Some suggestions for more reading include

  • How to organise a child’s birthday party is a YouTube video sharing a learning story examining how different perspectives influence how to organise.
  • Cavallo (2004) makes the case for the limitations of the traditional approach in the context of schooling.
  • Gunn et al (2005) make the case that supporting teachers in repurposing learning objects is essential to ensuring adoption and sustainability of learning objects.
  • Jones and Clark (2014) outline the two different mindsets and illustrate the difference in the context of learning analytics.
  • Jones et al (2017) report on example of teacher DIY learning analytics (originally described in Jones and Clark, 2014) and draw some implications for the institutional implementation of learning analytics.
  • Learning analytics, complex adaptive systems and meso-level practitioners: A way forward offers early plans for using an alternative ontology to address the question of learning analytics within higher education.

Slides

View below or download the Powerpoint slides.

References

Cavallo, D. (2004). Models of growth – Towards fundamental change in learning environments. BT Technology Journal, 22(4), 96–112.

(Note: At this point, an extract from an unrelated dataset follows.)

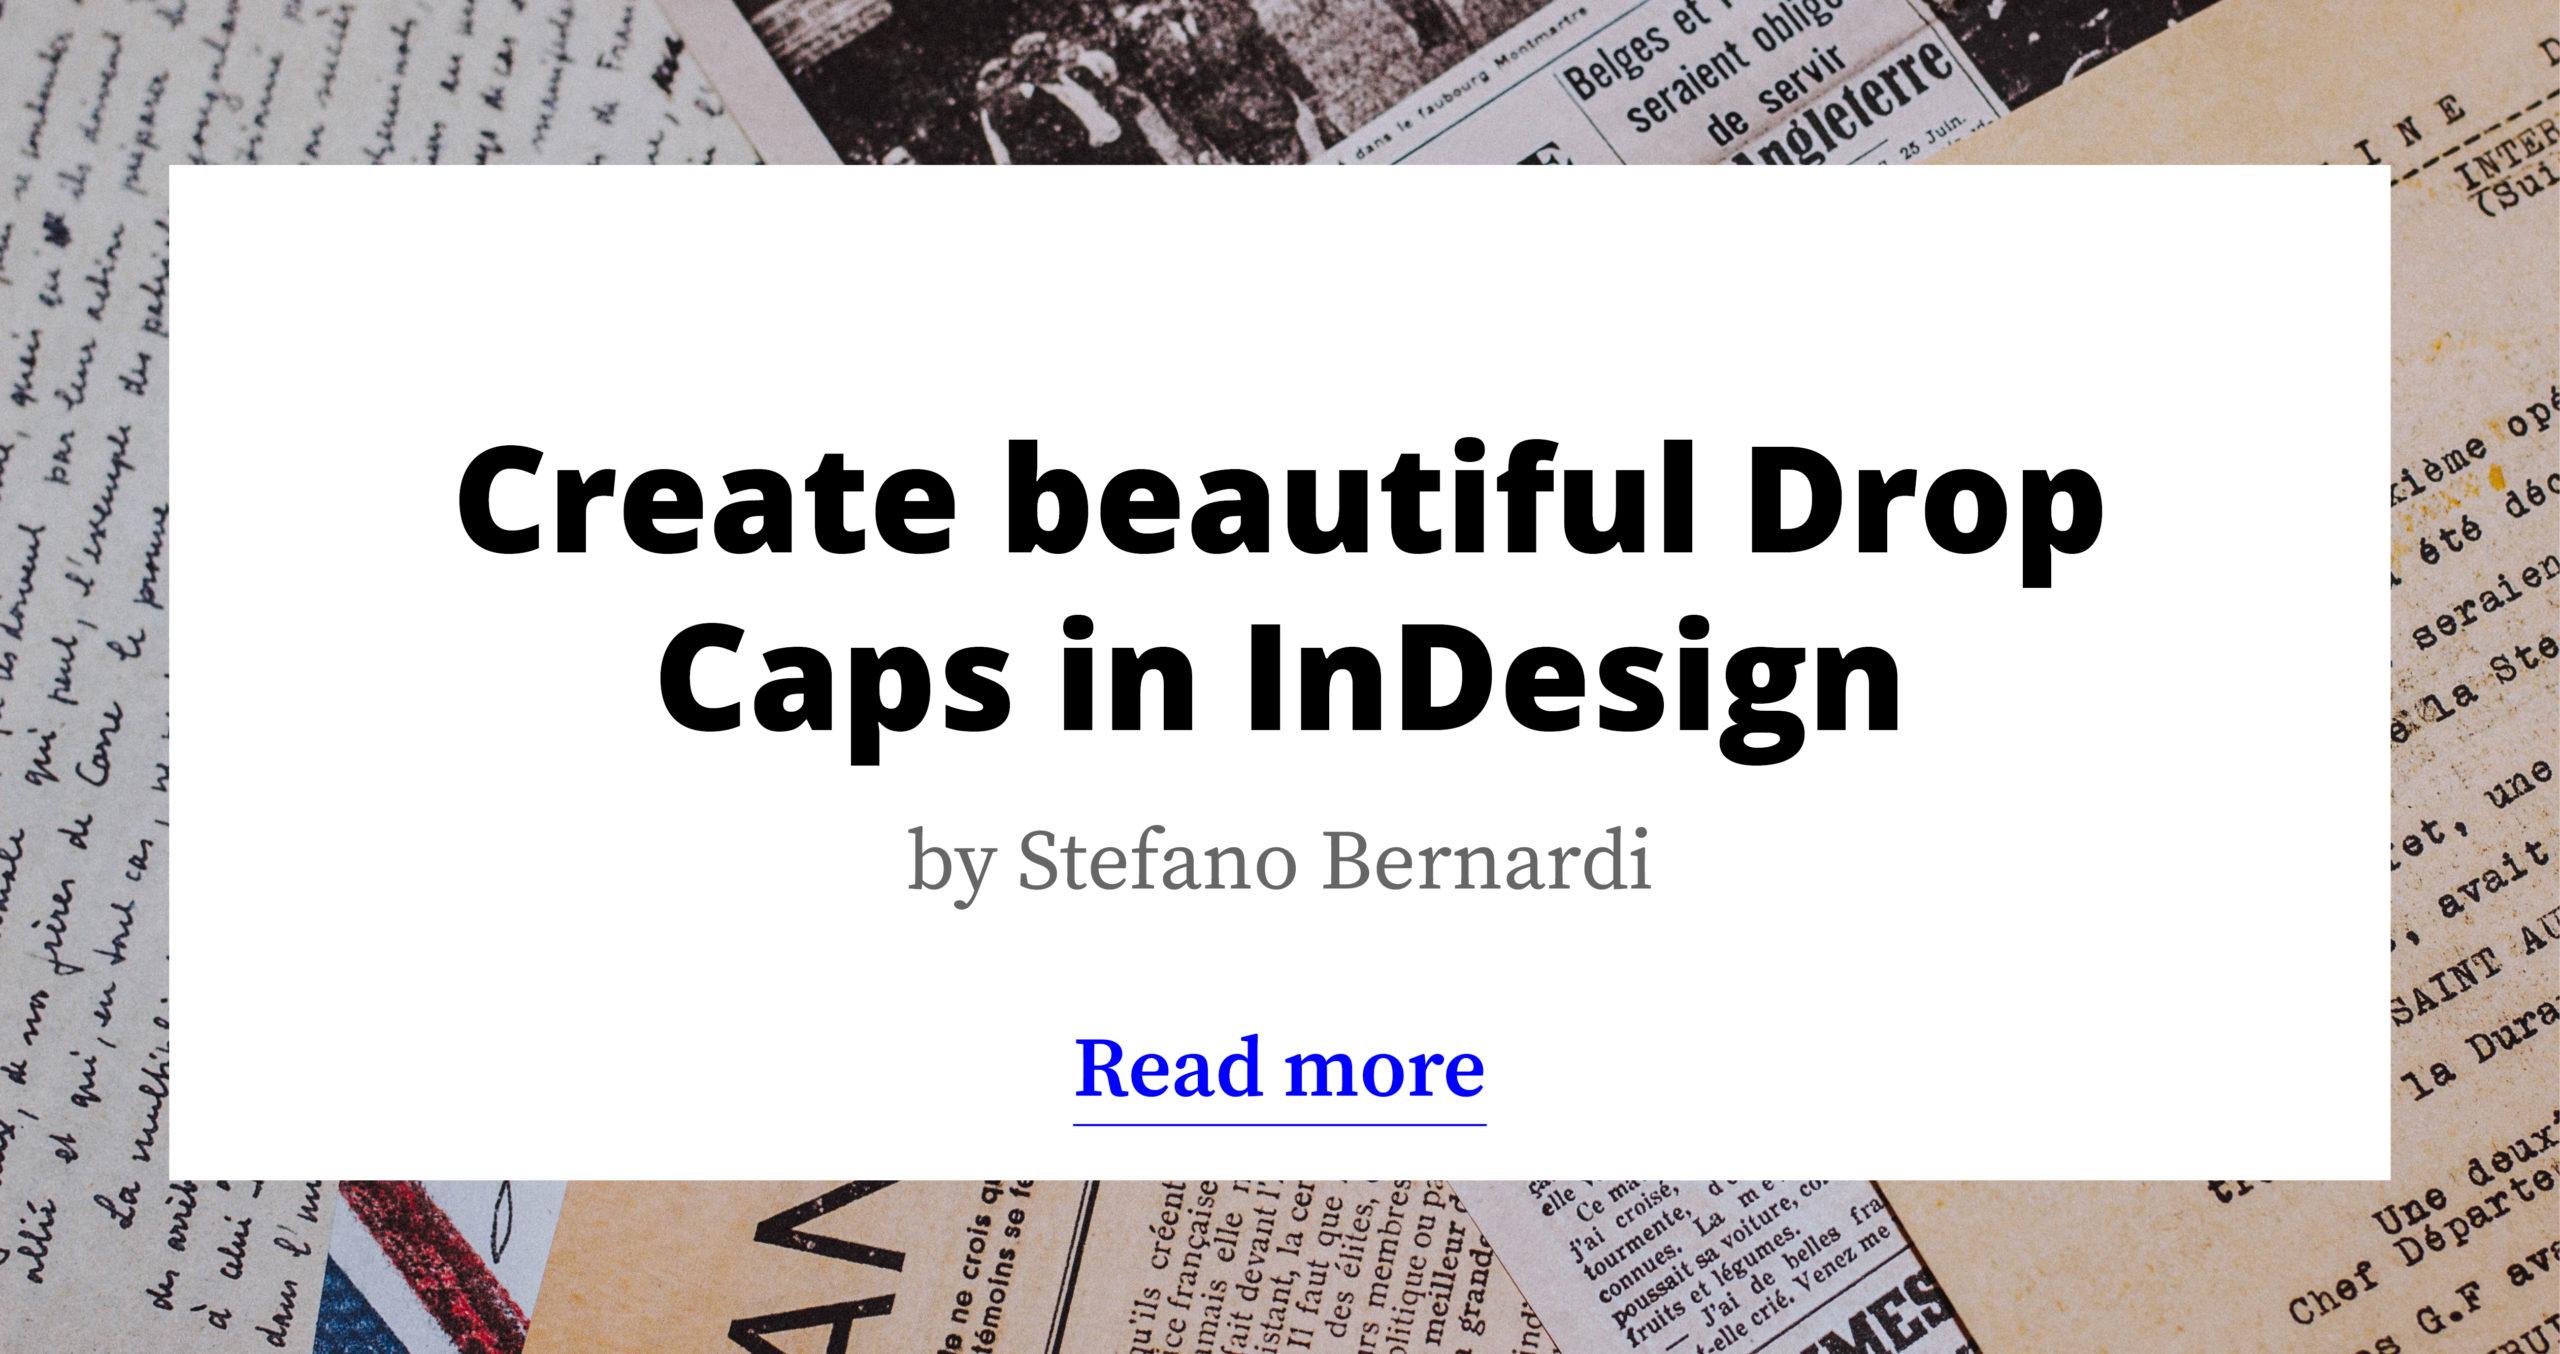 Create beautiful Drop Caps in InDesign

Dede, C. (2008). Theoretical perspectives influencing the use of information technology in teaching and learning. In J. Voogt & G. Knezek (Eds.), International Handbook of Information Technology in Primary and Secondary Education (pp. 43–62). New York: Springer.

Gašević, D., Dawson, S., Rogers, T., & Gasevic, D. (2015). Learning analytics should not promote one size fits all: The effects of instructional conditions in predicating learning success. The Internet and Higher Education, 28, 68–84. https://doi.org/10.1016/j.iheduc.2015.10.002

Gunn, C., Woodgate, S., & O’Grady, W. (2005). Repurposing learning objects: a sustainable alternative? ALT-J, 13(3), 189–200.
Mishra, P., & Koehler, M. (2006). Technological pedagogical content knowledge: A framework for teacher knowledge. Teachers College Record, 108(6), 1017–1054.

Tyack, D., & Cuban, L. (1995). Tinkering towards utopia: A century of public school reform. Cambridge, MA: Harvard University Press.

Wiley, D. (n.d.). The Reusability Paradox. Retrieved from http://cnx.org/content/m11898/latest/

Yoo, Y., Boland, R. J., Lyytinen, K., & Majchrzak, A. (2012). Organizing for Innovation in the Digitized World. Organization Science, 23(5), 1398–1408.